Calmer Mind, Sharper Focus:
How Hypnotherapy Can Help Students Thrive
If you're studying in Stellenbosch or somewhere else, you already know
the rhythm: the build-up to tests, the late nights before
a deadline, the queue of anxious faces outside the
exam hall, the pressure to perform while also having
some kind of life. For many students it works — until it
doesn't. Stress starts leaking into your sleep, your
concentration, your confidence, and sometimes your
health.
Hypnotherapy is one tool that can help you manage
that pressure and study from a calmer, clearer place.

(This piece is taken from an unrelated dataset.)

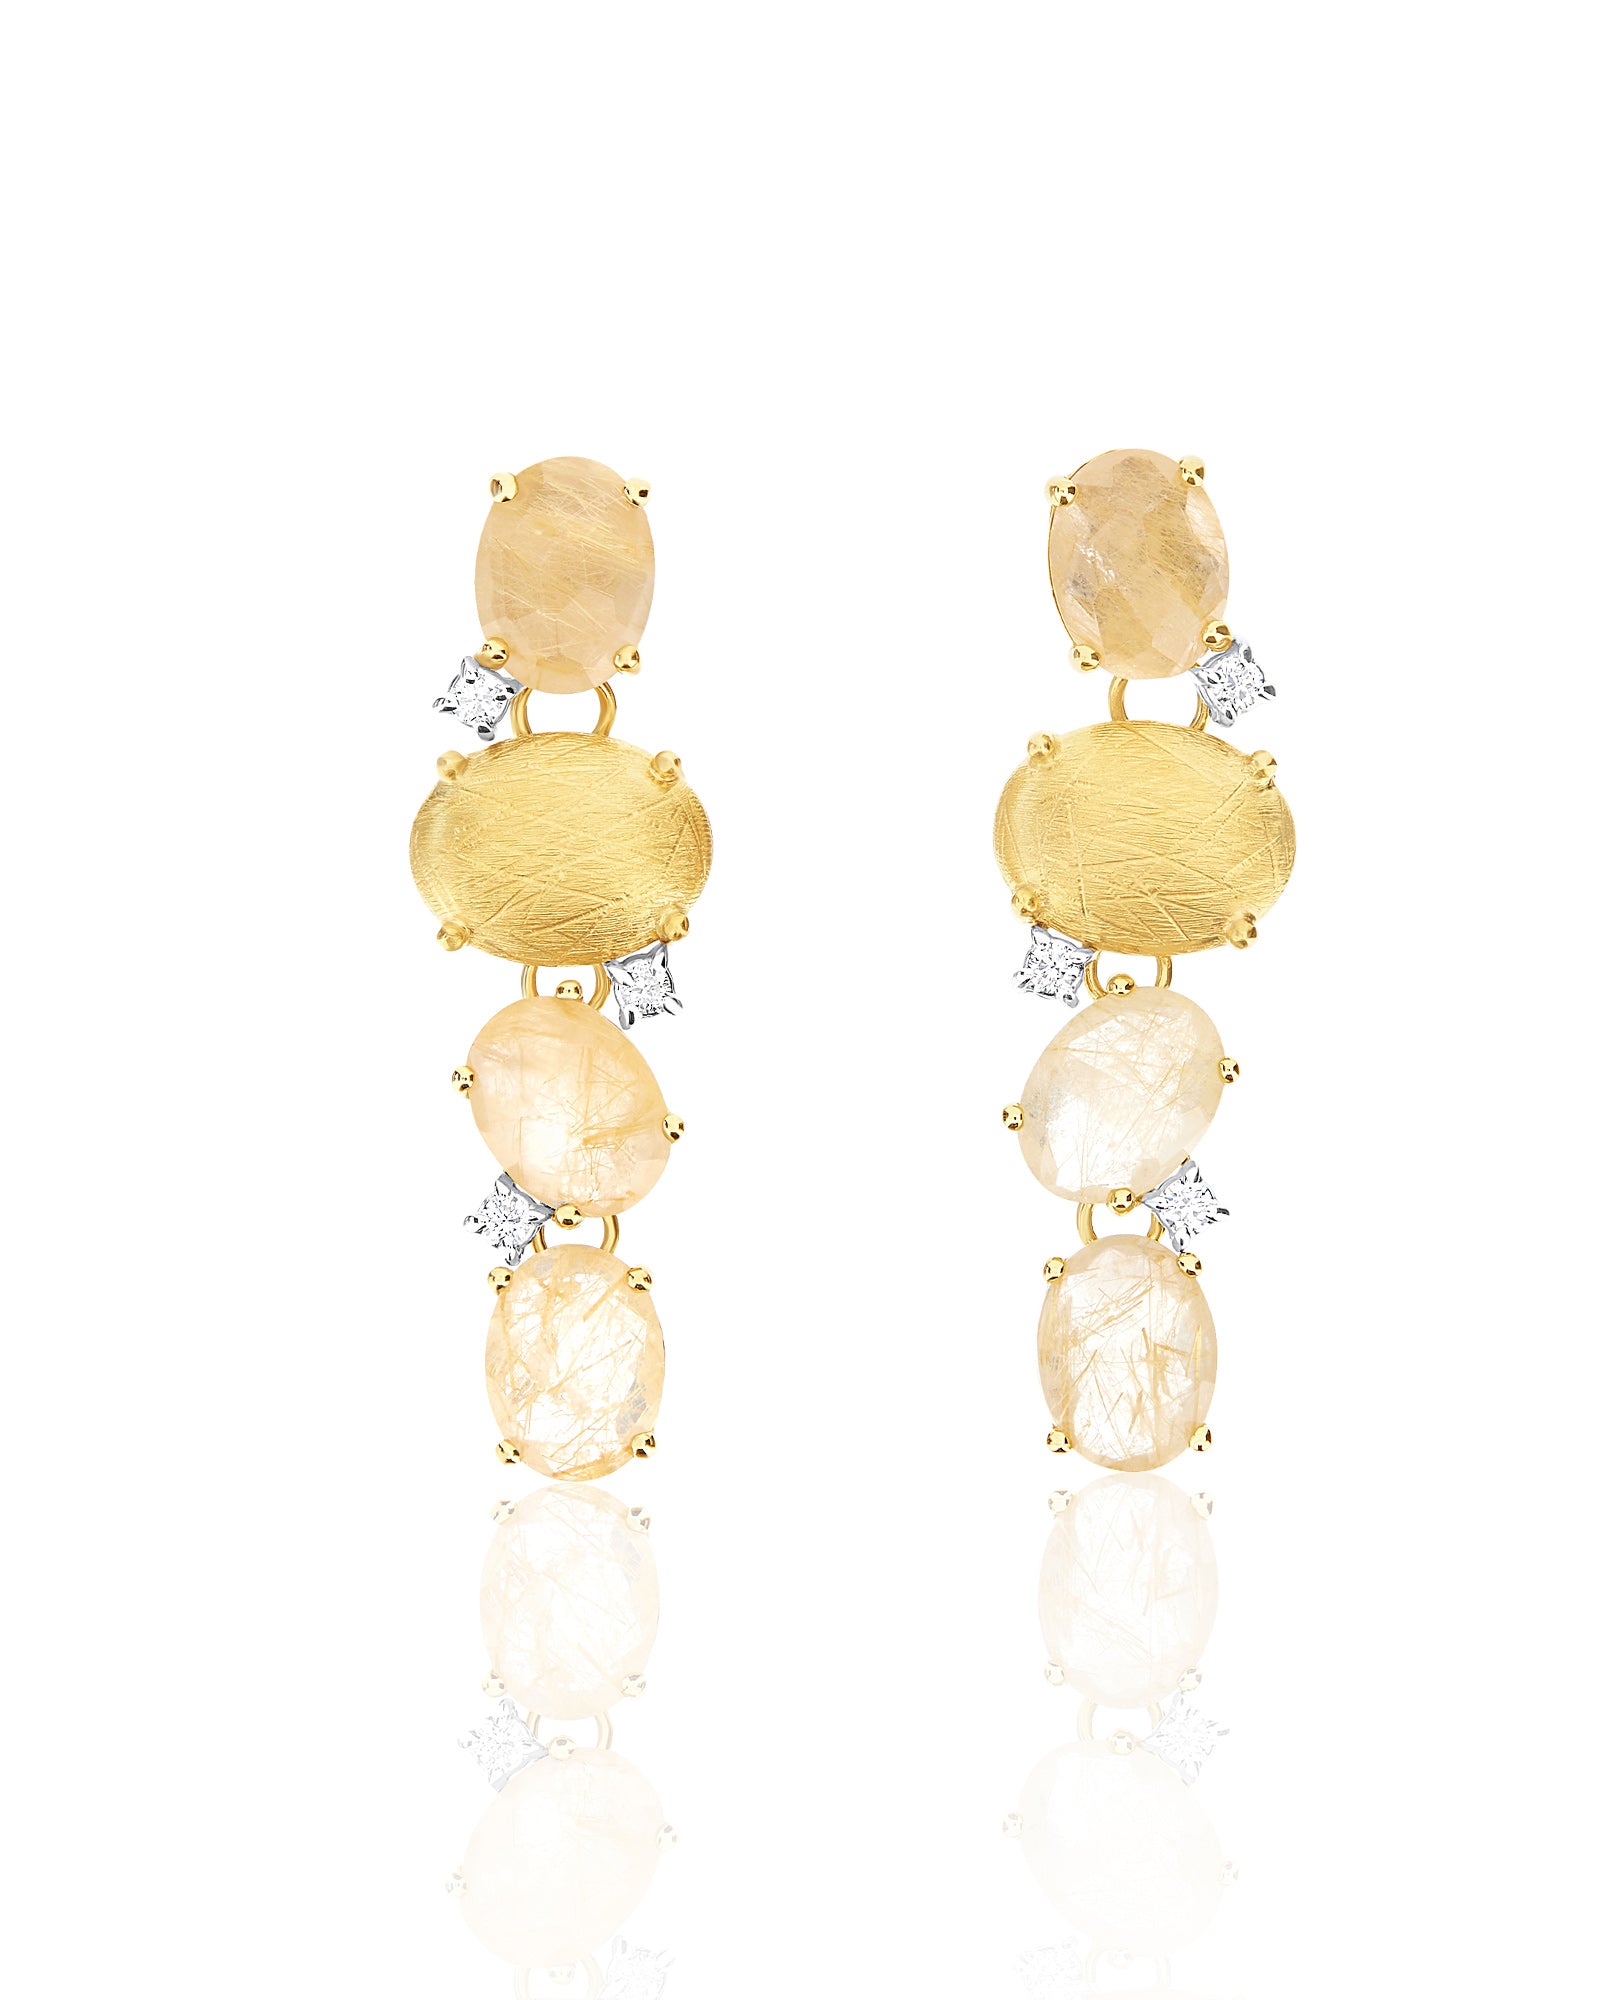 "Ipanema" Yellow rutilated quartz earrings

It's not magic, and it's not a substitute for good
preparation or professional care when you need it. But
used well, it's a genuinely useful way to get your mind
working with you instead of against you.
What hypnotherapy actually is (and what it isn't)
Forget the stage shows. Clinical hypnotherapy has
nothing to do with someone controlling your mind,
making you cluck like a chicken, or putting you "under"
against your will.
In reality, hypnotherapy uses focused attention and
deep relaxation to help you reach a calm, absorbed
state — similar to the feeling of being so lost in a book
or a drive home that you barely notice time passing. In
that relaxed state, the mind tends to be more open to
helpful suggestions and to practising new ways of
responding to stress, fear, or unhelpful habits.
A few things worth knowing:
You stay in control the whole time.
You're aware, you can hear everything, and you can stop
whenever you want.
It's a guided, collaborative process.
A qualified practitioner works with your goals — exam nerves,
sleep, focus — not on some hidden agenda.
It's evidence-informed.
Research supports hypnotherapy as a helpful approach for stress,
anxiety, sleep difficulties, and performance under
pressure, particularly when combined with
practical strategies and, where needed, other
therapy.
Six ways it can help while you'r studying
1. Exam and performance anxiety
Plenty of capable students underperform not because
they didn't study, but because anxiety hijacks them in
the moment — racing heart, blank mind, the spiral of
"I'm going to fail." Hypnotherapy helps by training your
nervous system to stay calmer under pressure and by
rehearsing a confident, focused exam-day response
before you're sitting in the hall. The goal isn't to
remove all nerves (a little adrenaline actually helps)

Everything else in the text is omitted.